Stored data:
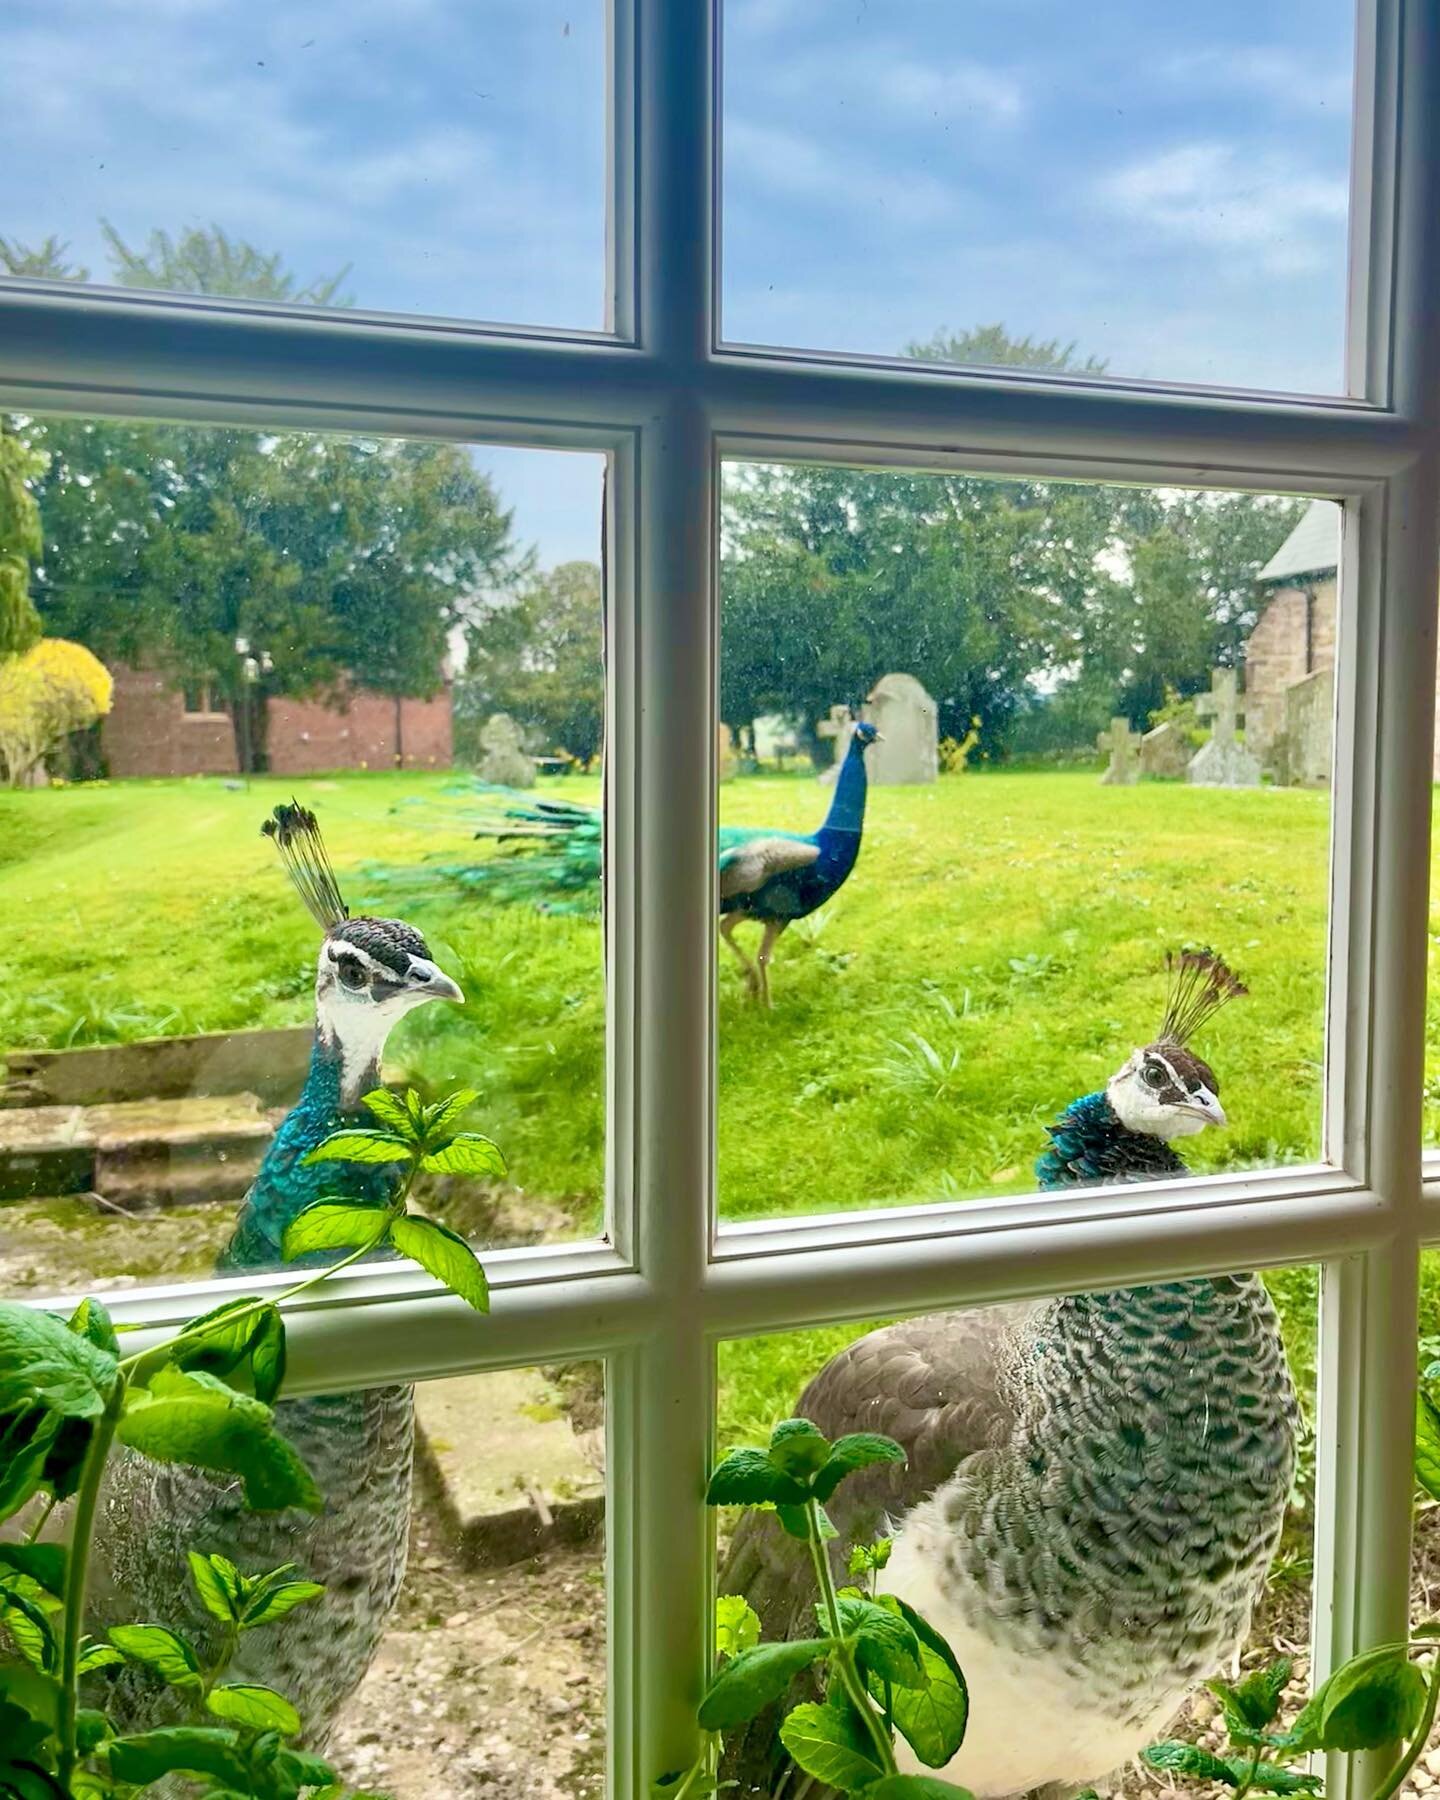 Our nosy residents waiting for their breakfast 🦚
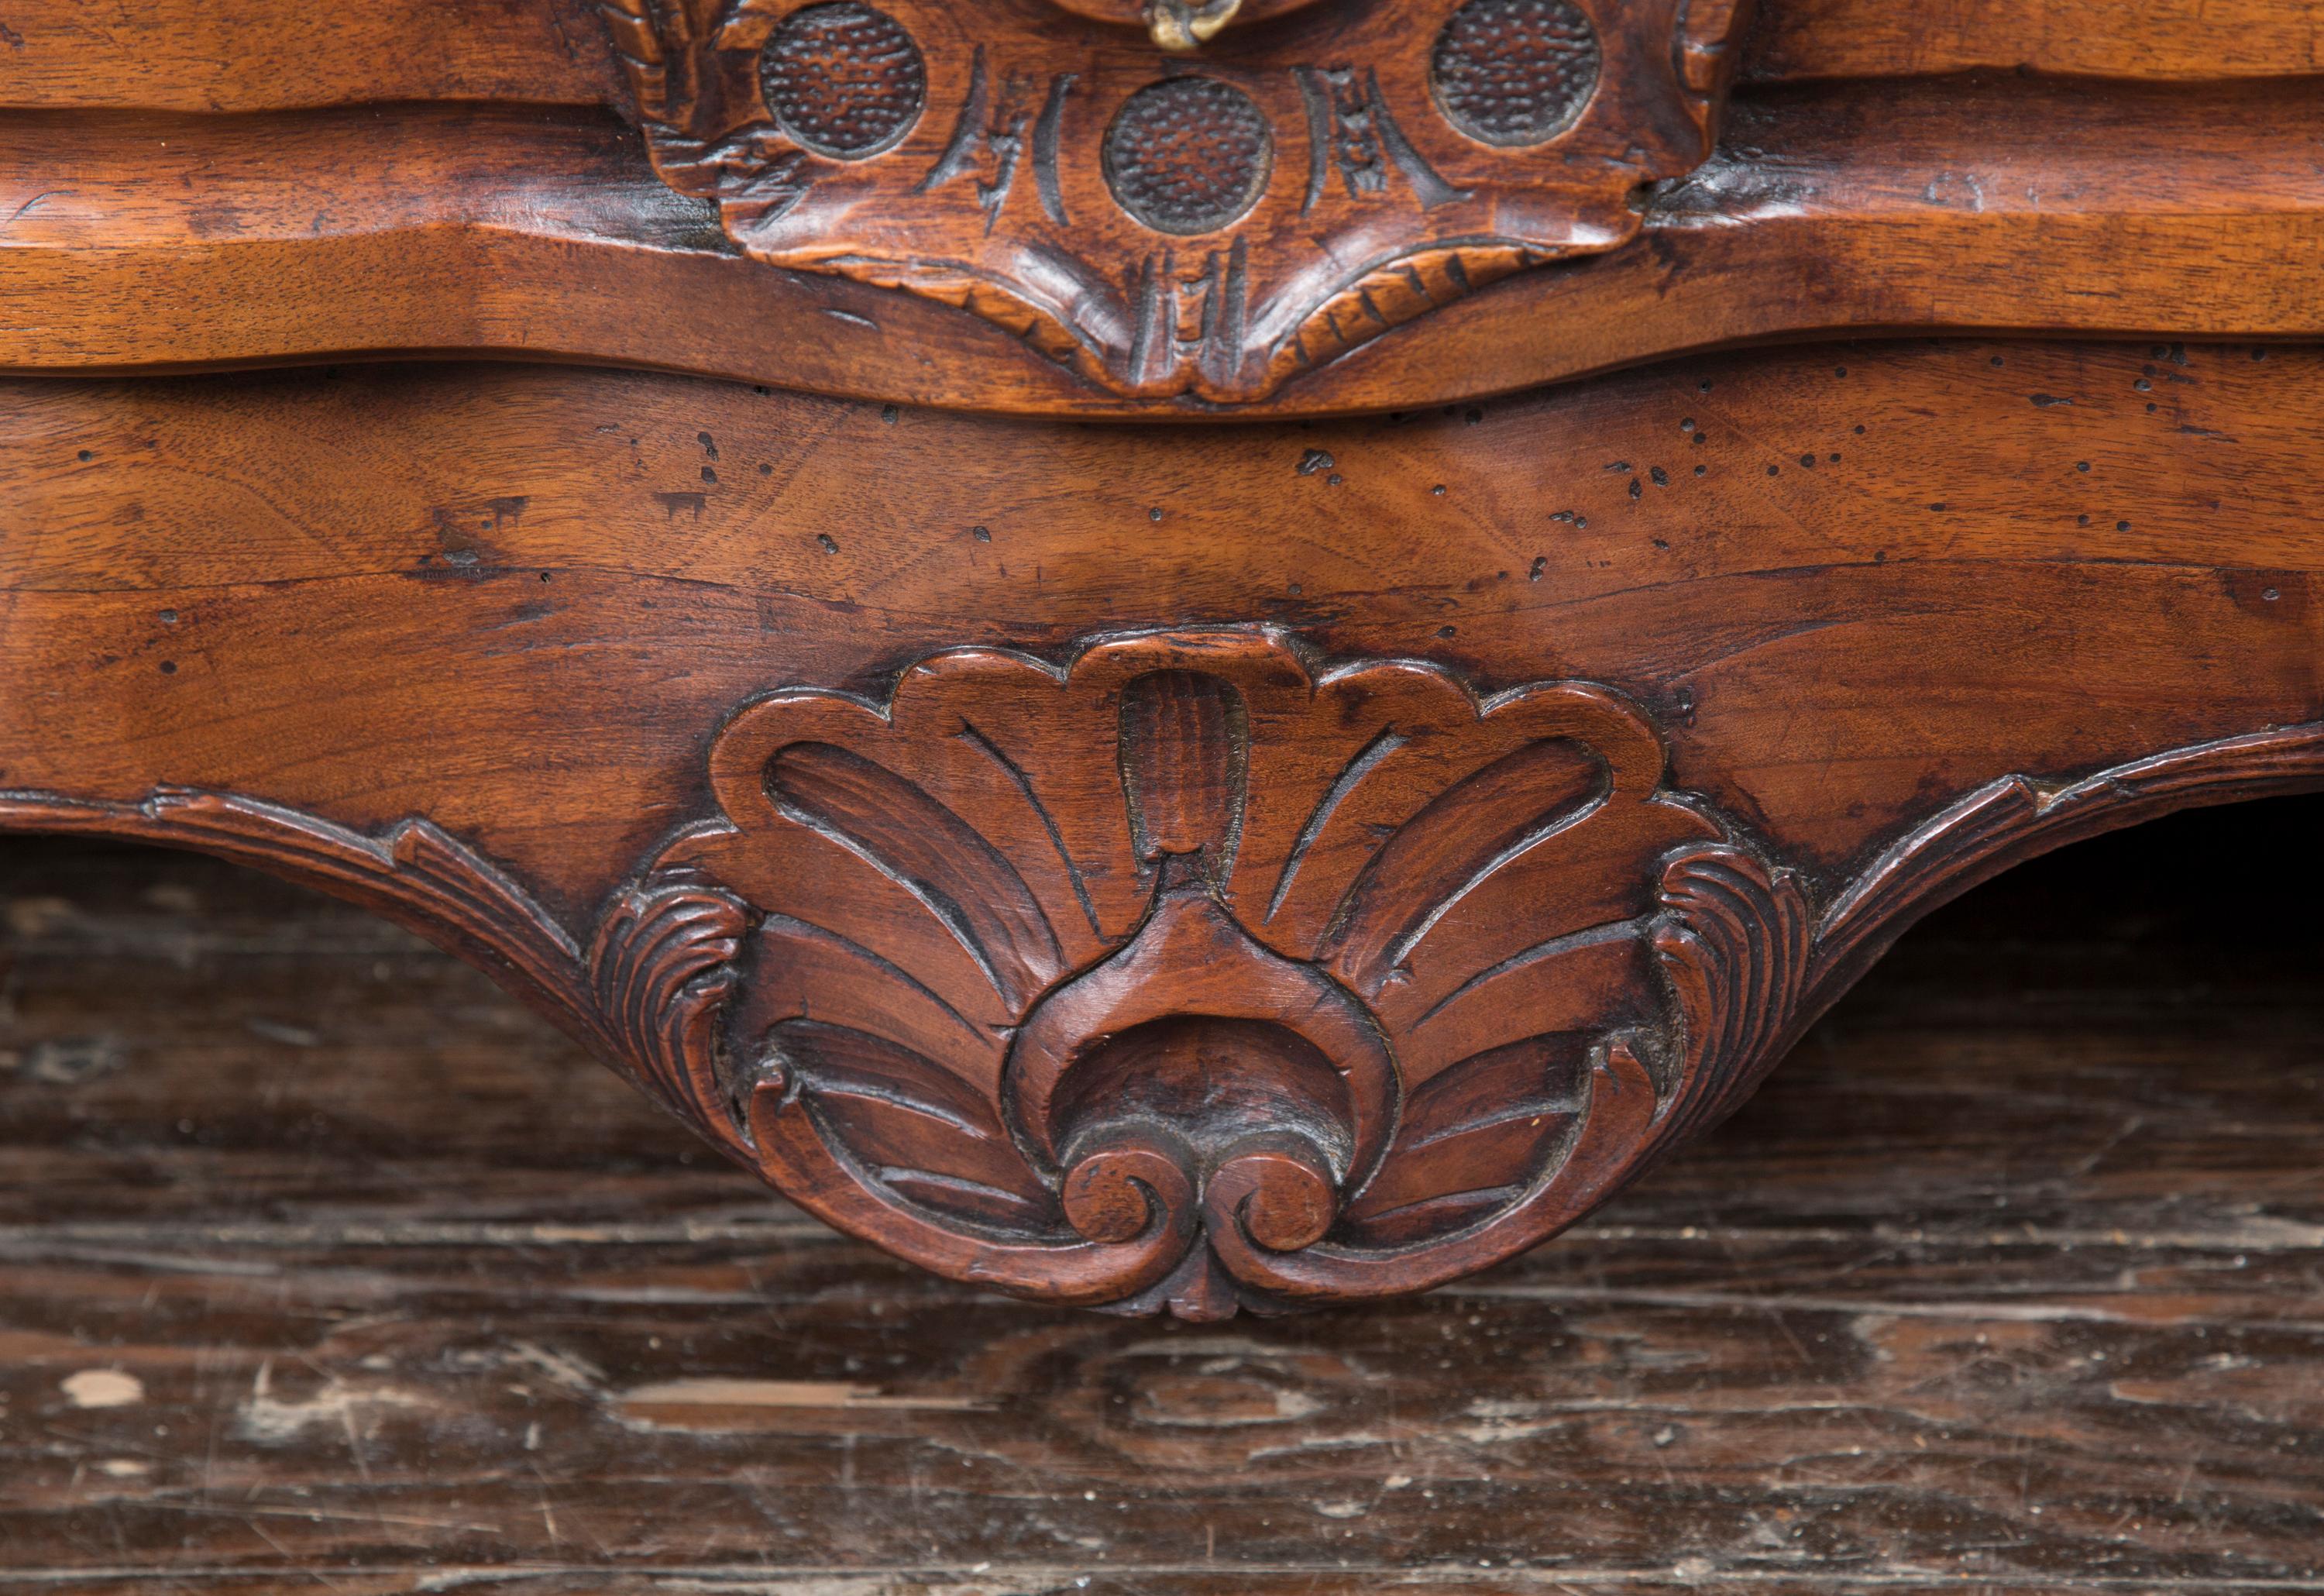 Early 18th Century Regence Period Lyonnaise Walnut Commode / Chest of Drawers For Sale 5
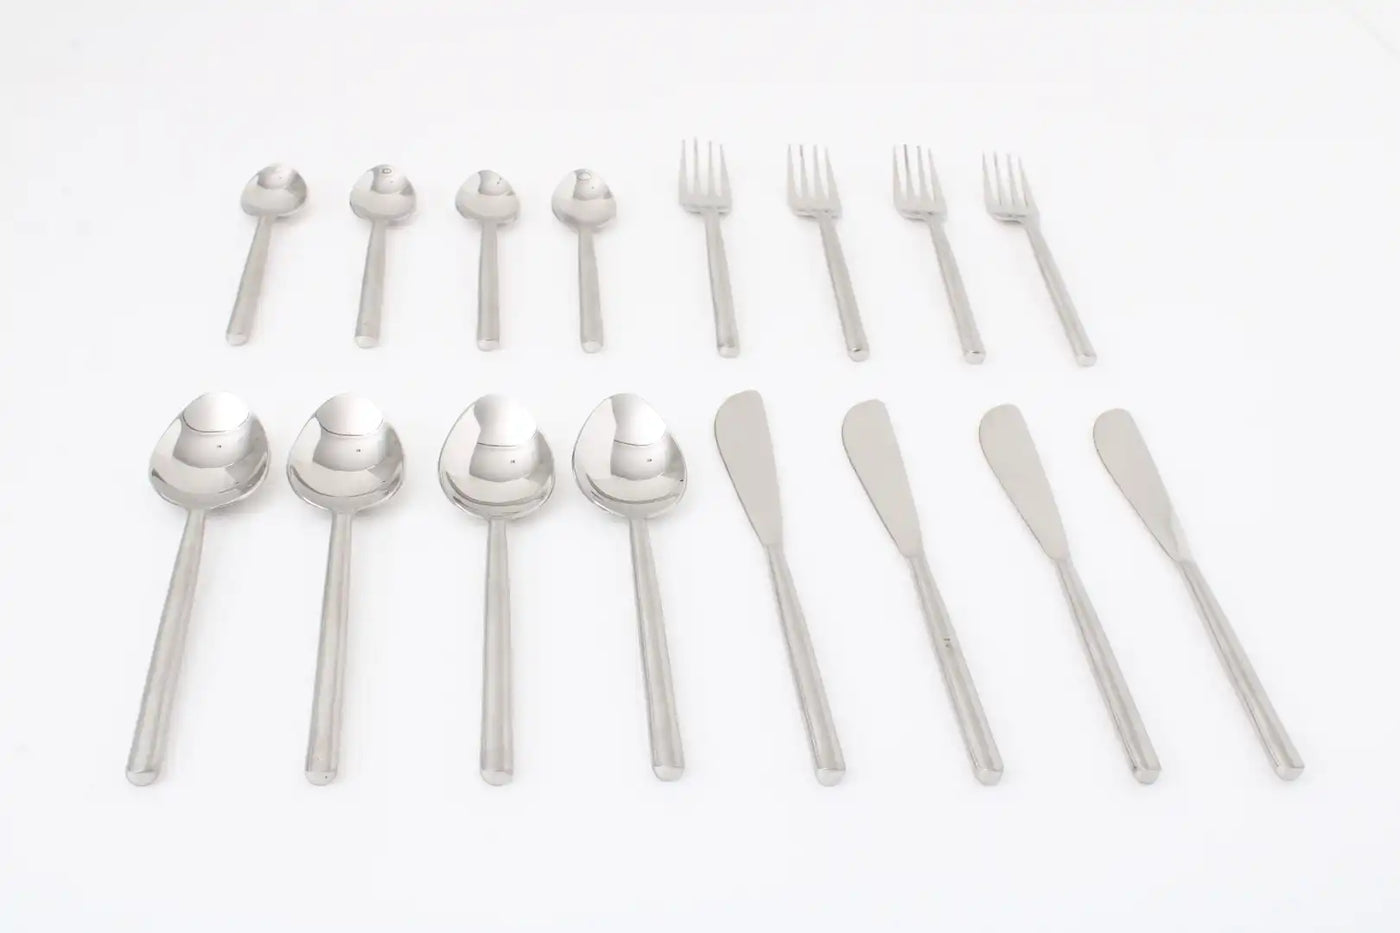 Radiant Reflections Cutlery Set of 16 80-005-23 (16)

Exercise directions:
In the answer, retype exactly and only the lines from the one holding "Early 18th Century" through the end of the listing, keeping both ends and dropping every picture.

Answer below:
 Early 18th Century Regence Period Lyonnaise Walnut Commode / Chest of Drawers For Sale 5
 Radiant Reflections Cutlery Set of 16 80-005-23 (16)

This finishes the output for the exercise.